The growing demand for personalized medicine, that is, medicines tailored to the patient, is helping Cytena. Because many developments are only possible with technology from Freiburg. The challenge facing the company: to find qualified employees.

“We’re looking around the world,” says Marketing Director Fabian Stumpf. In the last year alone, the number of employees in Freiburg increased from 32 to 89. Cytena employs about 140 people worldwide. Molecular biologists are in demand just like software developers. In addition to qualifying, it is very important that the newcomers also fit in with the team. “Although this greatly reduces the pool of candidates and thus makes successful recruitment more difficult, this approach pays off significantly in everyday working life,” says Stumpf. “Great team cohesion is definitely a guarantee of strong employee loyalty.”

Cytena relies on many team events, flexible hours, childcare allowance – and brand-new offices. The company recently moved from the main building in the Freiburg exhibition center to another notable property: the Green City Tower in the charging station. The company has secured 4,500 square meters on six floors in one of the wings of the tower complex – and the rooftop terrace. At the same time, there are considerations of how to develop the company further if things are very tight there. But what is certain is that the future lies in Freiburg, says Stumpf.

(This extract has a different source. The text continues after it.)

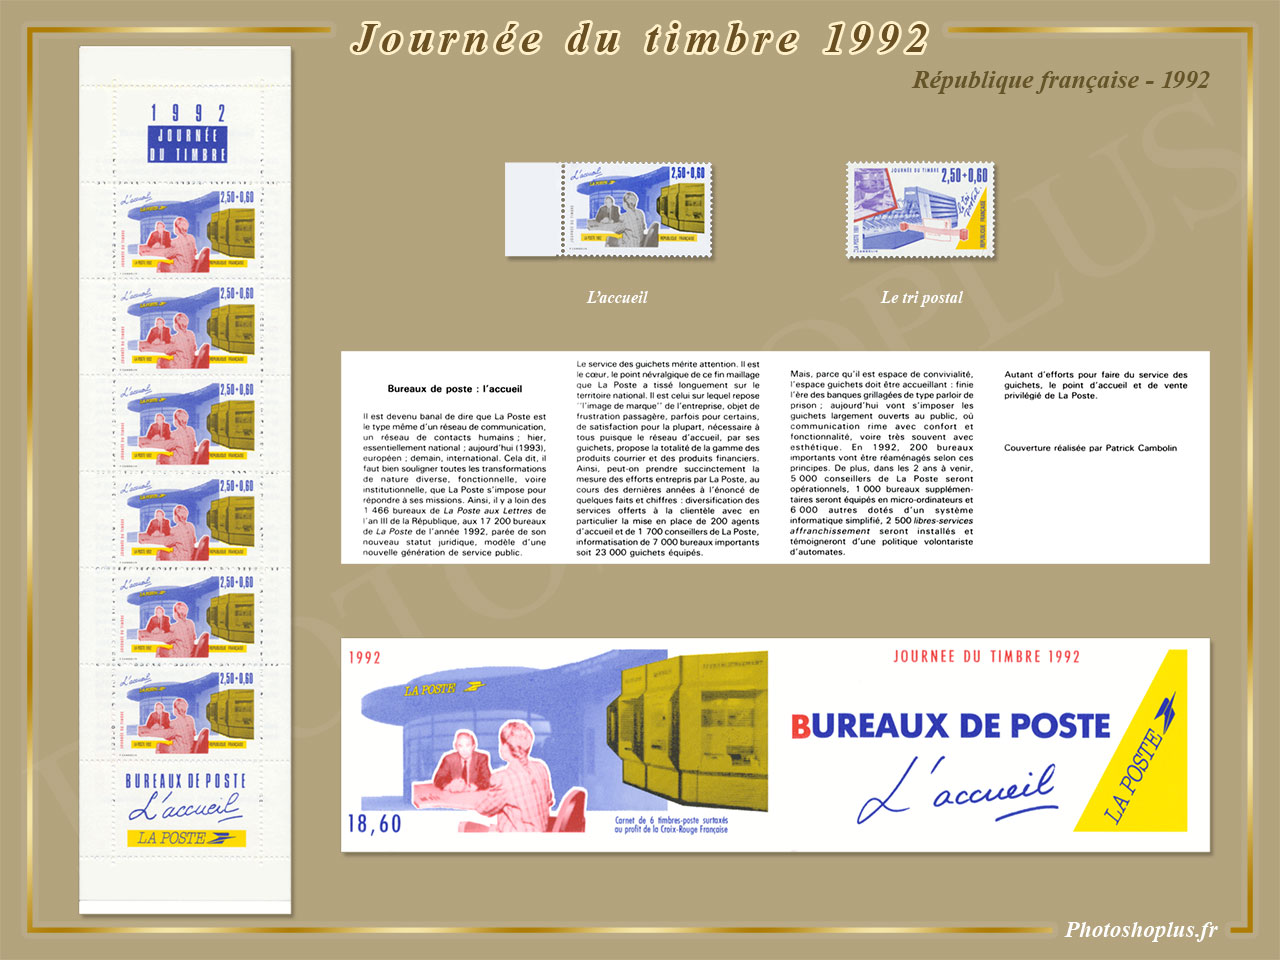 Journée du timbre 1992

Of the four founders, two remain on the board: Chief Technology Officer Andre Gross and Chief Financial Officer Benjamin Stemmel, who will leave the company for the foreseeable future. Jonas Schöndube now works for the parent company in the USA and Peter Koltay continues to work at the Institute for Microsystems Technology (Imtek) in Freiburg. The cellular printer was developed under the direction of Koltay. Operationally, it has never been a part of the company. Focuses on research and teaching.